High Sheriff of Devon
- In office 1749 1755

Mayor of Plymouth
- In office 1728-1729 1743–1744

Member of Parliament for Plymouth
- In office 1739–1740

Personal details
- Born: 31 August 1708 England
- Died: 20 December 1773 (aged 65) Blachford, Devon, England
- Spouse: Hannah Trefusis ​(m. 1742)​
- Parent: John Rogers (father);
- Relatives: John Rogers (grandfather)
- Education: New College, Oxford

= Sir John Rogers, 3rd Baronet =

British lawyer and politician

Sir John Rogers, 3rd Baronet (31 August 1708 – 20 December 1773) was a British lawyer and politician.

==Early life==
Baptised in Cornwood, he was the oldest son of Sir John Rogers, 2nd Baronet and his wife Mary Henley, daughter of Sir Robert Henley.

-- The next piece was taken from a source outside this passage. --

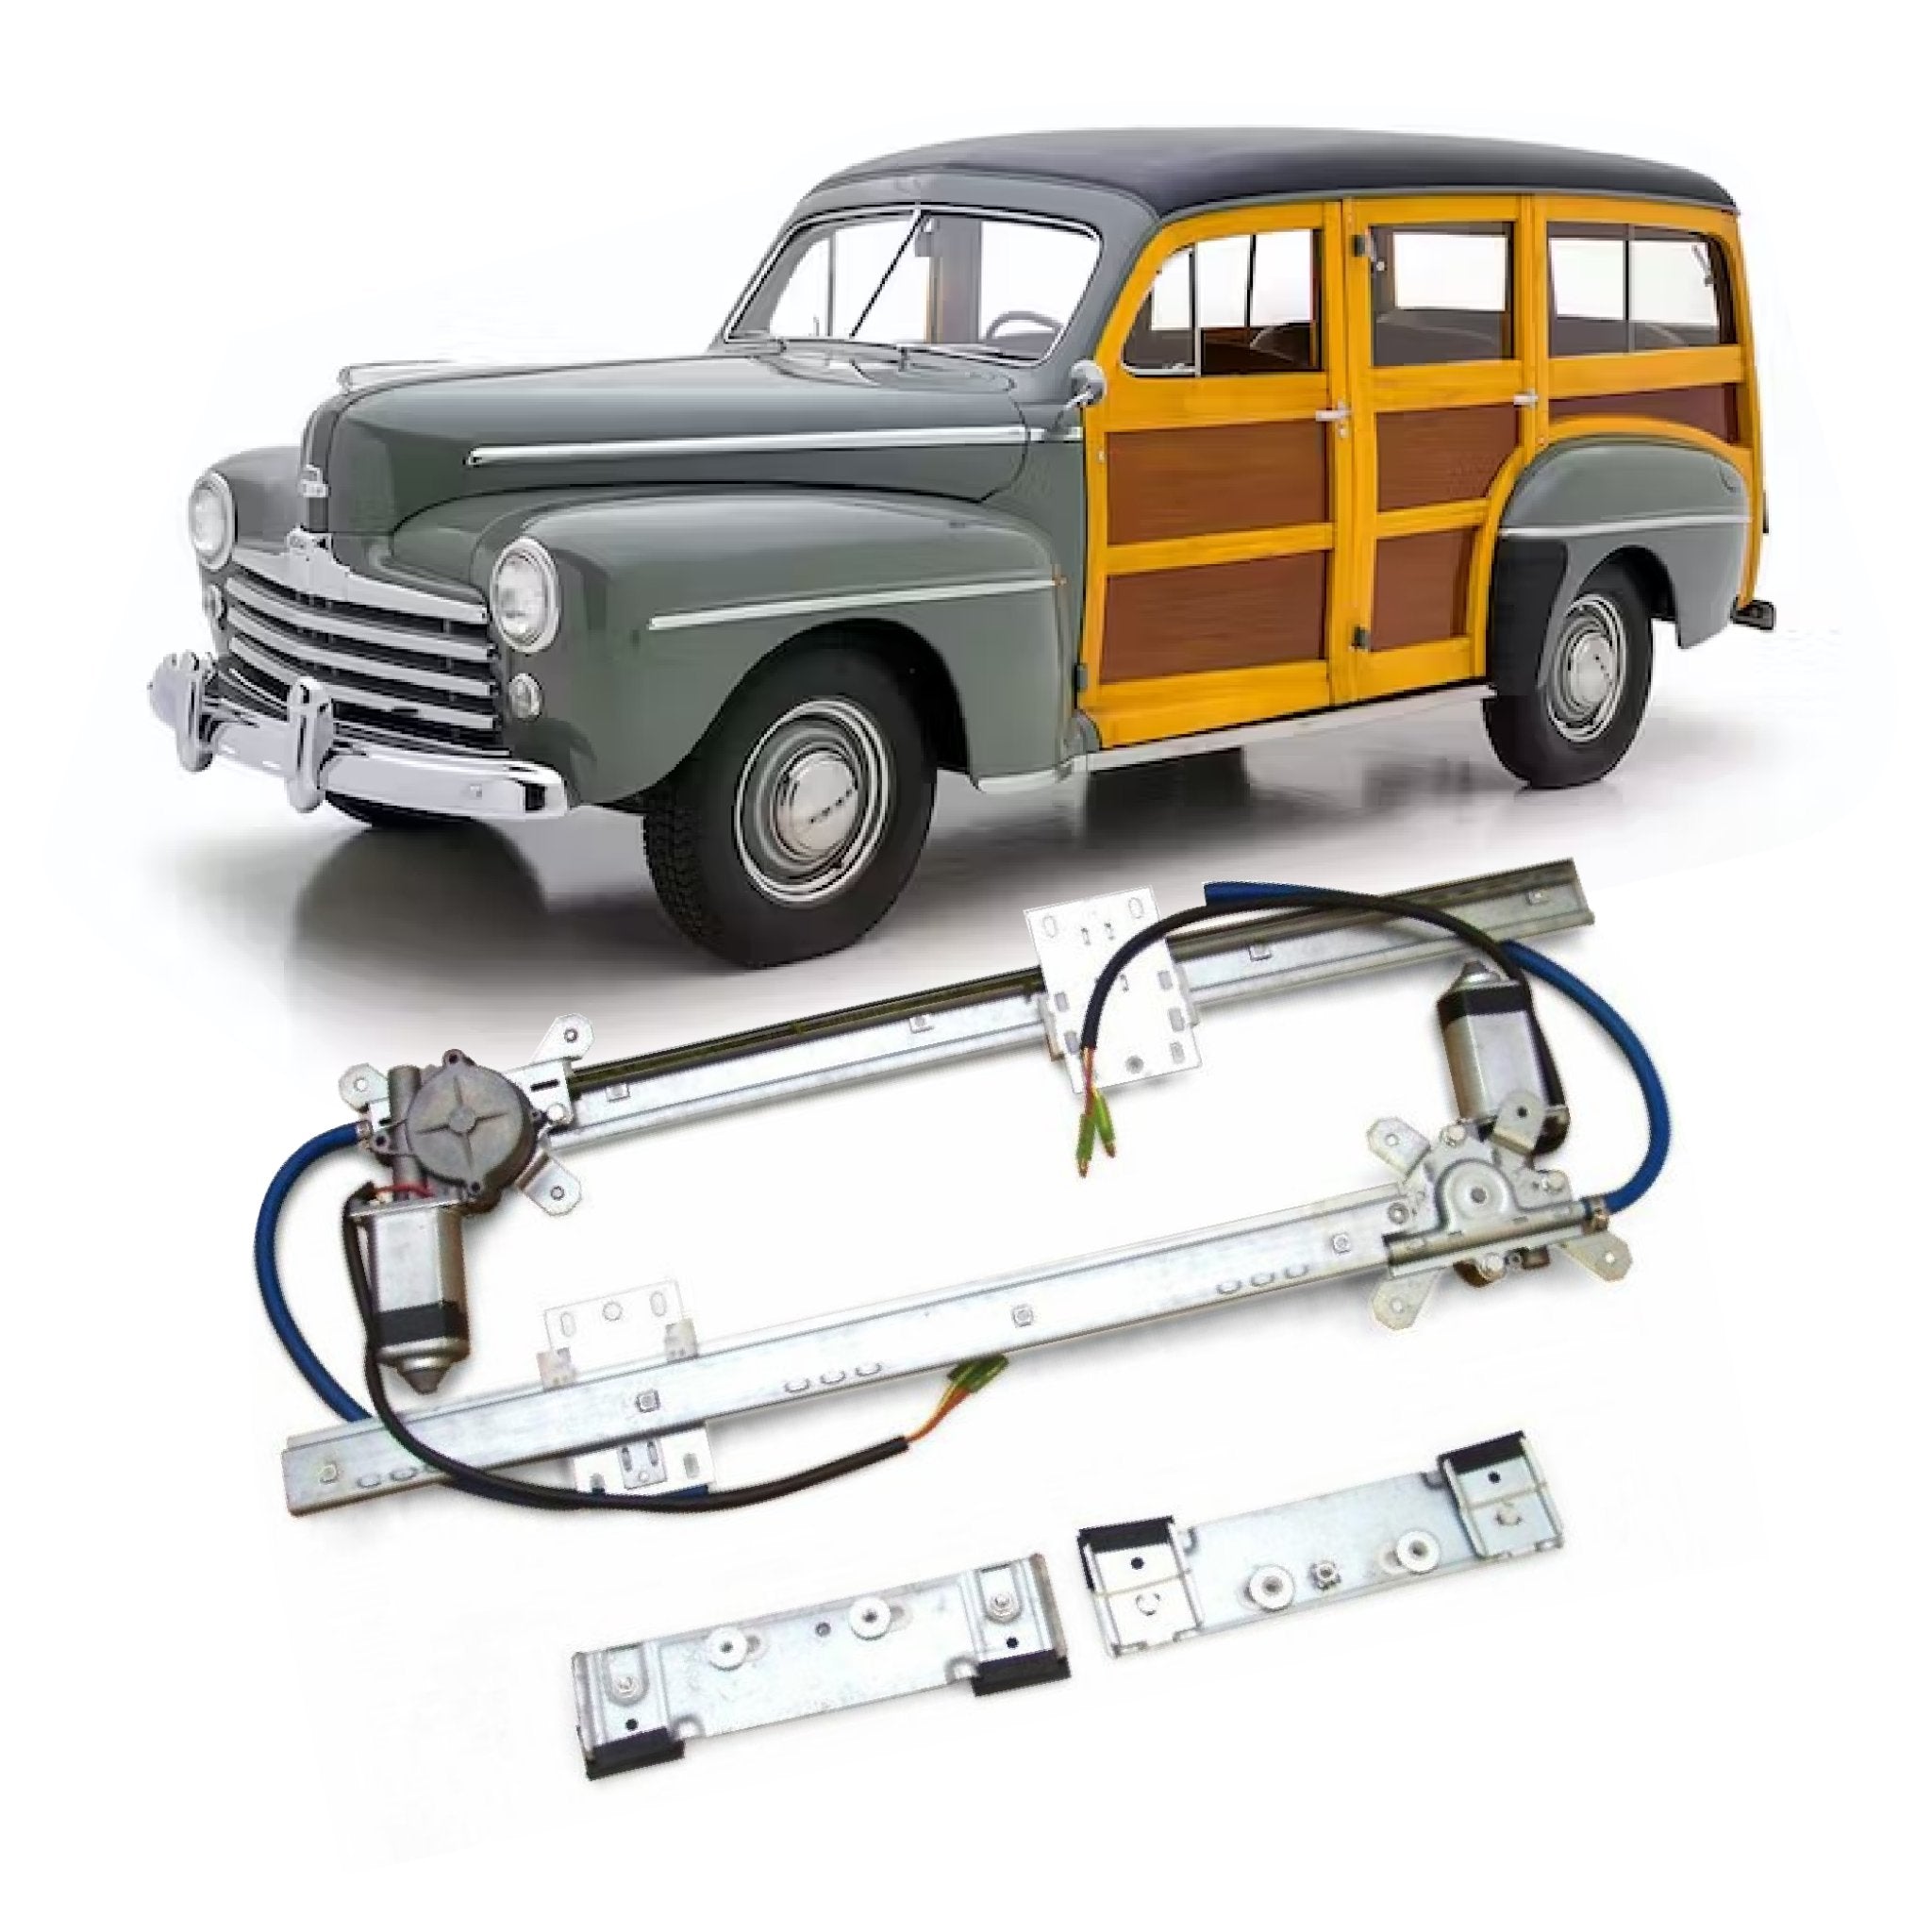 12V Power Window Kit for 1948 Ford Station Wagon Standard Deluxe Super Woody

Rogers was educated at New College, Oxford, where he matriculated in 1724 and graduated with a Bachelor of Arts two years later. He was then Mayor of Plymouth for 1728-29 and 1743–44 and Recorder of Plymouth (in 1744?). In 1744, he succeeded his father as baronet.

==Career==
Rogers entered the British House of Commons as member of parliament (MP) for Plymouth in 1739, representing the constituency until the next year, when he was unseated. He served as colonel of the South Devon Militia and was High Sheriff of Devon in 1749 and in 1755.

==Family==
On 28 October 1742, he married Hannah Trefusis, daughter of Thomas Trefusis at St Benet Paul's Wharf in London. Rogers died of a stroke at his seat in Blachford in Devon and was buried in Cornwood four days later. He had no children and his younger brother Frederick succeeded to the baronetcy.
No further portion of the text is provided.